The point of exit codes is that they're straightforward for programmers to extract, rather than error messages, which require the programmer to capture and parse stderr. So, no, I don't think you've rescued this very bad argument.
I don't think this is a bad argument at all. It wouldn't kill anyone to include a brief stderr worthy message along with the exit. Especially when, and correct me if I'm wrong, code 126 is pretty vague here. "Command not executable" doesn't seem even correct to me.
The entire point of Unix exit codes is to communicate enumerated errors to programmers without having them have to intercept stderr and parse unstructured output. But to spot this error, of "I literally don't know how to use execve", all you need to do is look for the nonzero exit code.

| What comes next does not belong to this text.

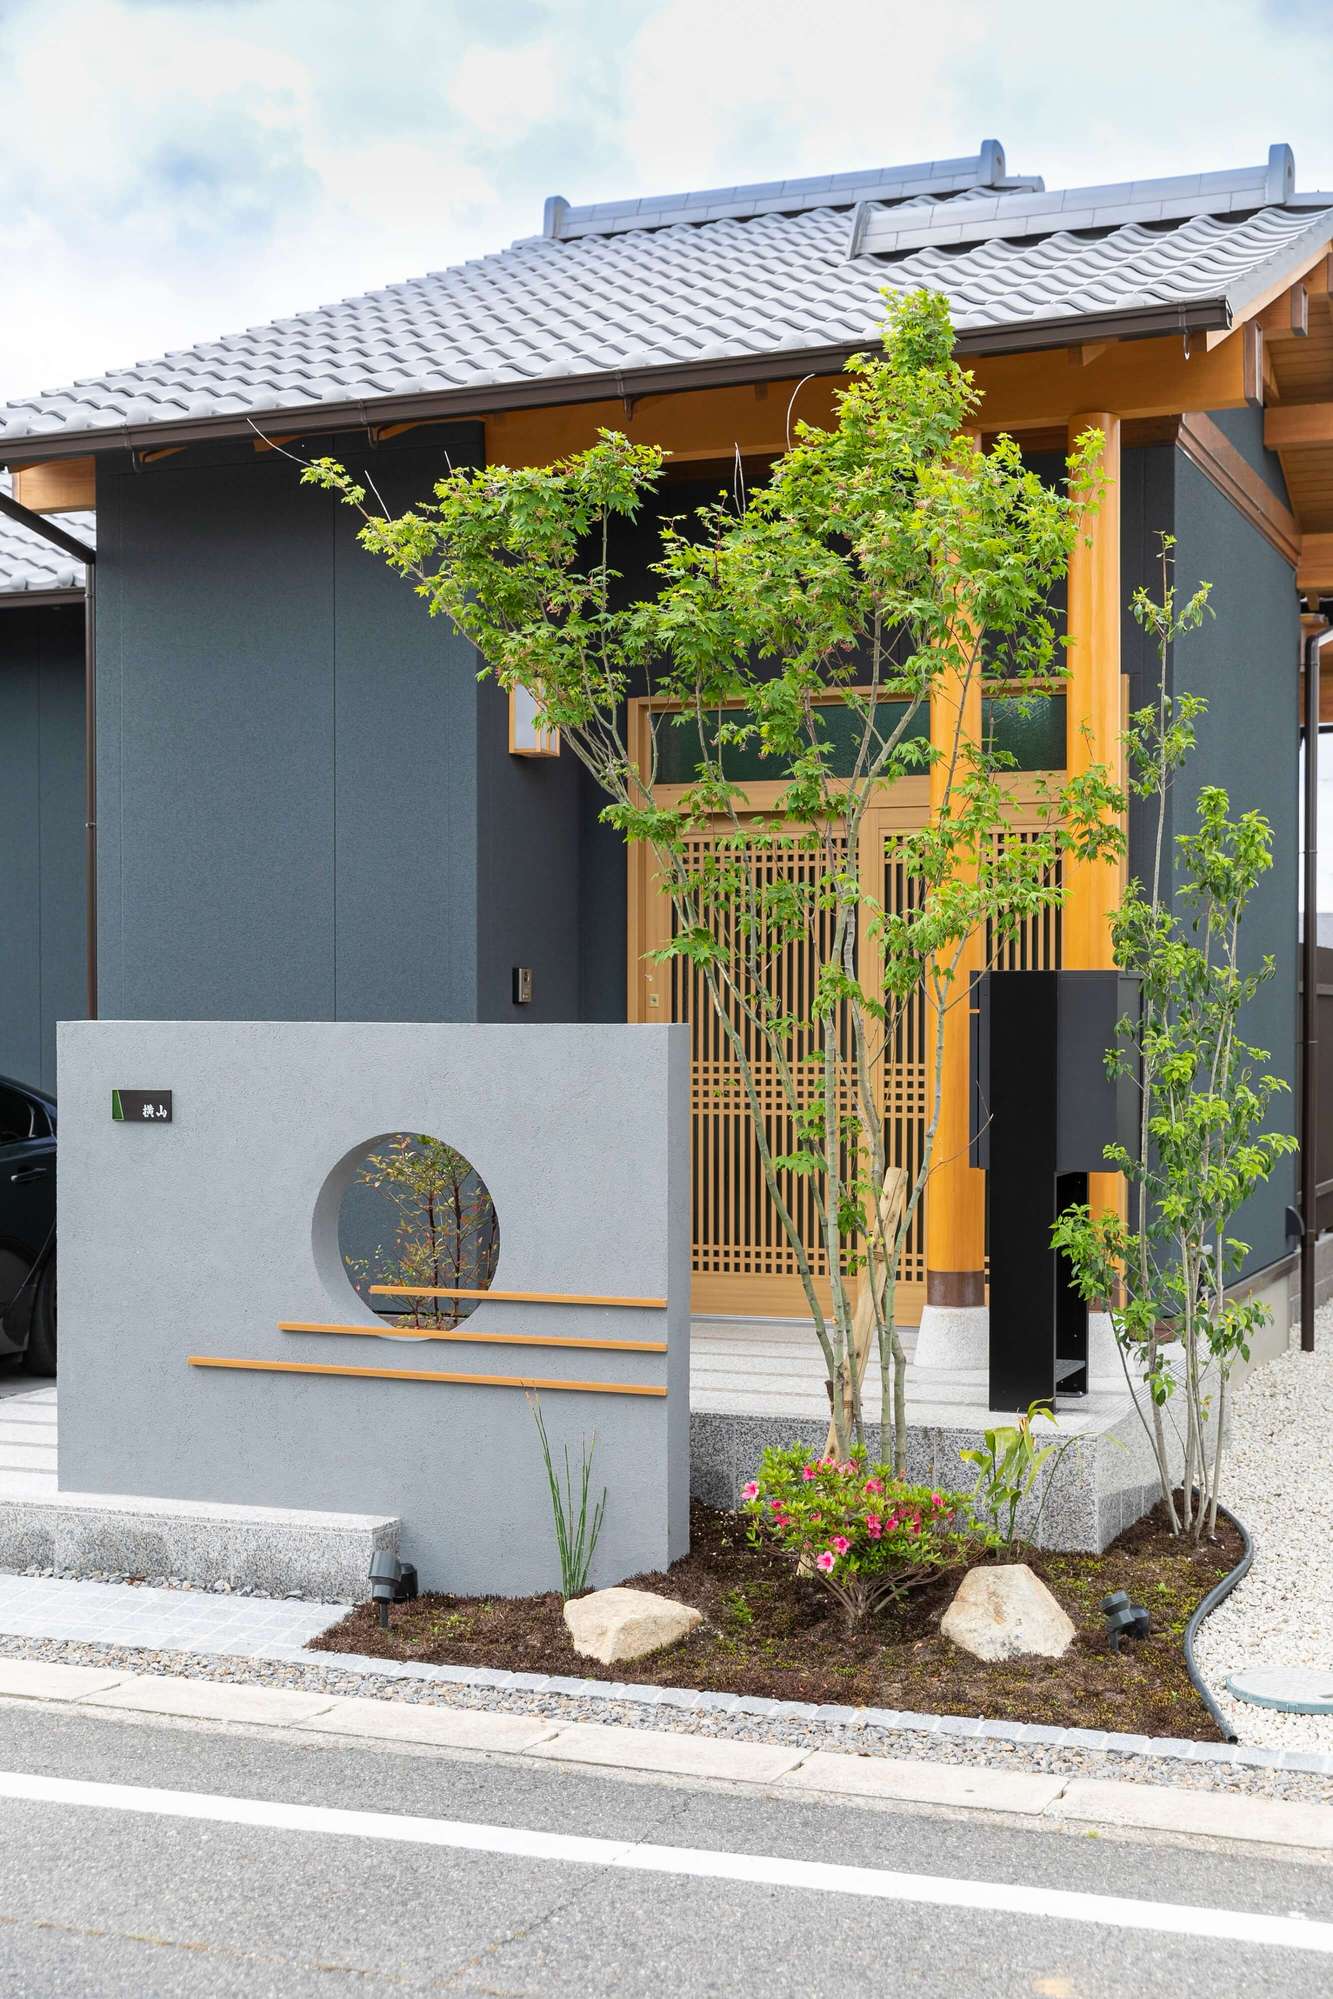 愛知県 刈谷市 和風 平屋 新築 新築外構 坪庭 和モダン おしゃれ かっこいい デザイン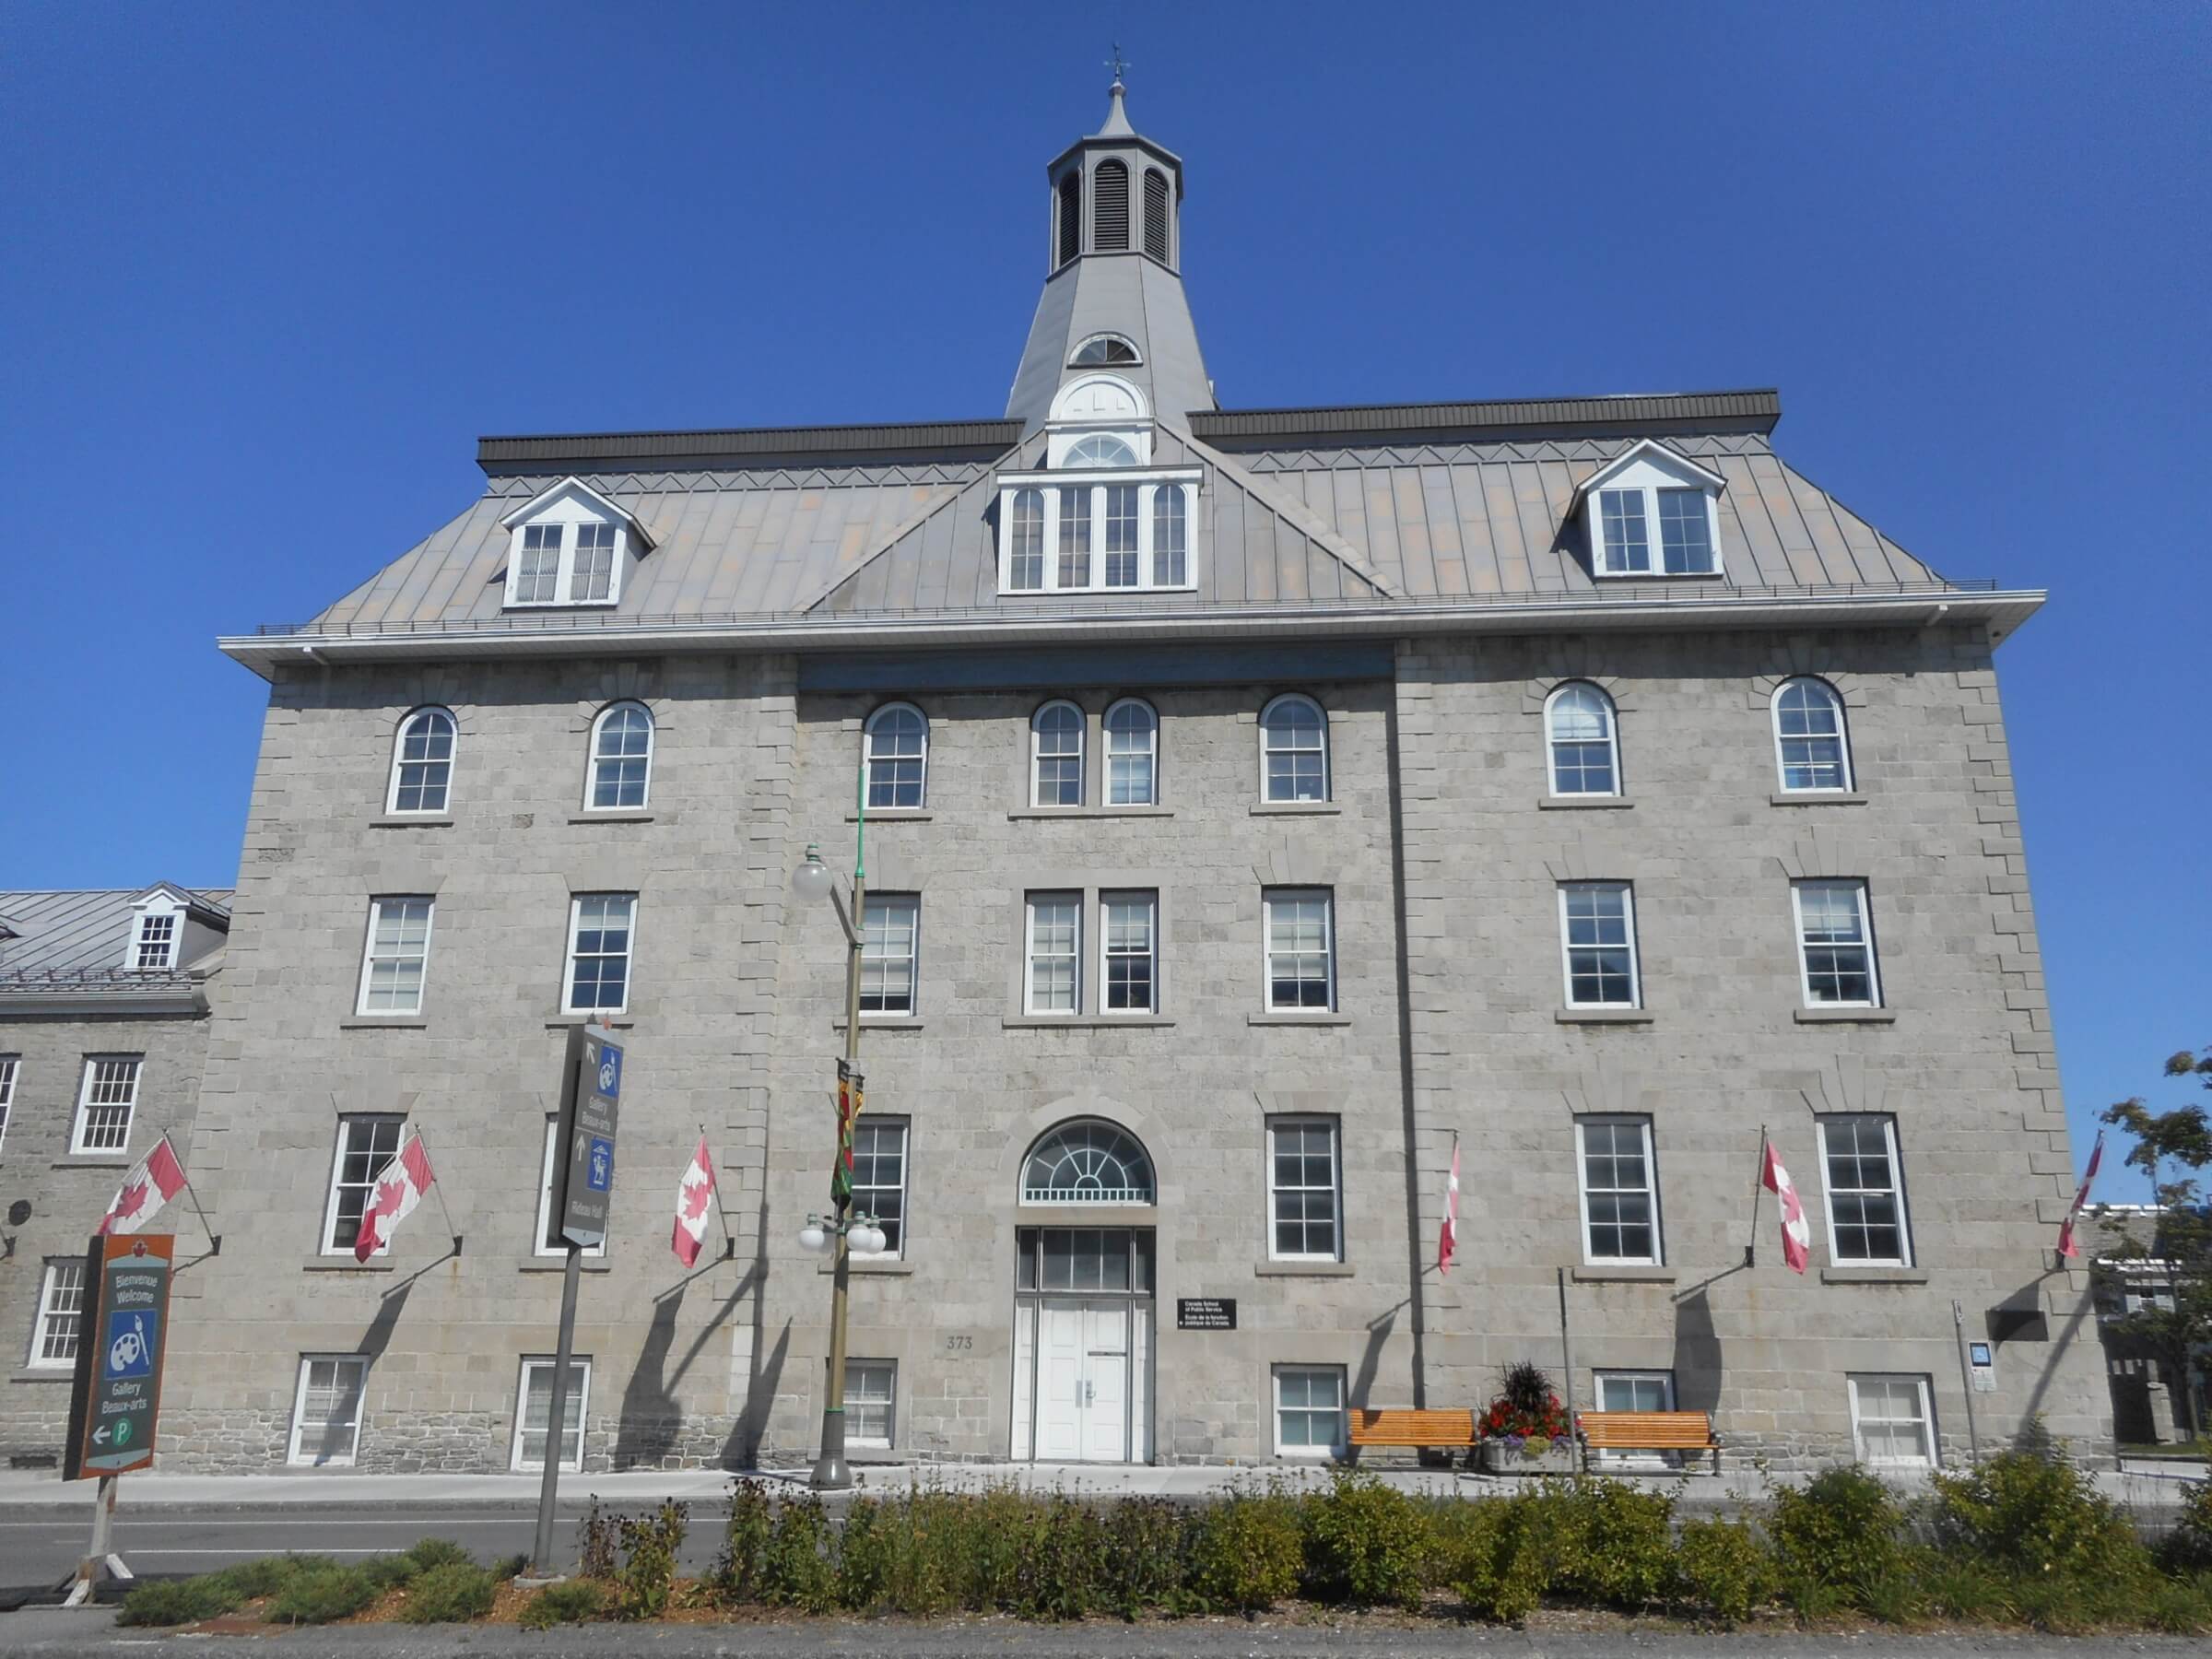 The Canada School of Public Service campus

I suspect that the person who kicked this subthread off didn't realize that the error can't be triggered from the shell (like, they thought it was "insufficient arguments" and not "malformed input to execve"), and now we're just bikeshedding a justification for being angry at Unix error codes. Seems like not a super valuable discussion to have.
One good reason not to have a user-friendly error message here is that literally no user will ever see it. In fact: it's likely that in the entire history of this program, it has never once been executed in the fashion that would generate this error, except to exploit it.
Again this is indeed a bike-shedding conversation but how hard is it to print an error message along with the error code? Seems harmless enough and just one more line of code.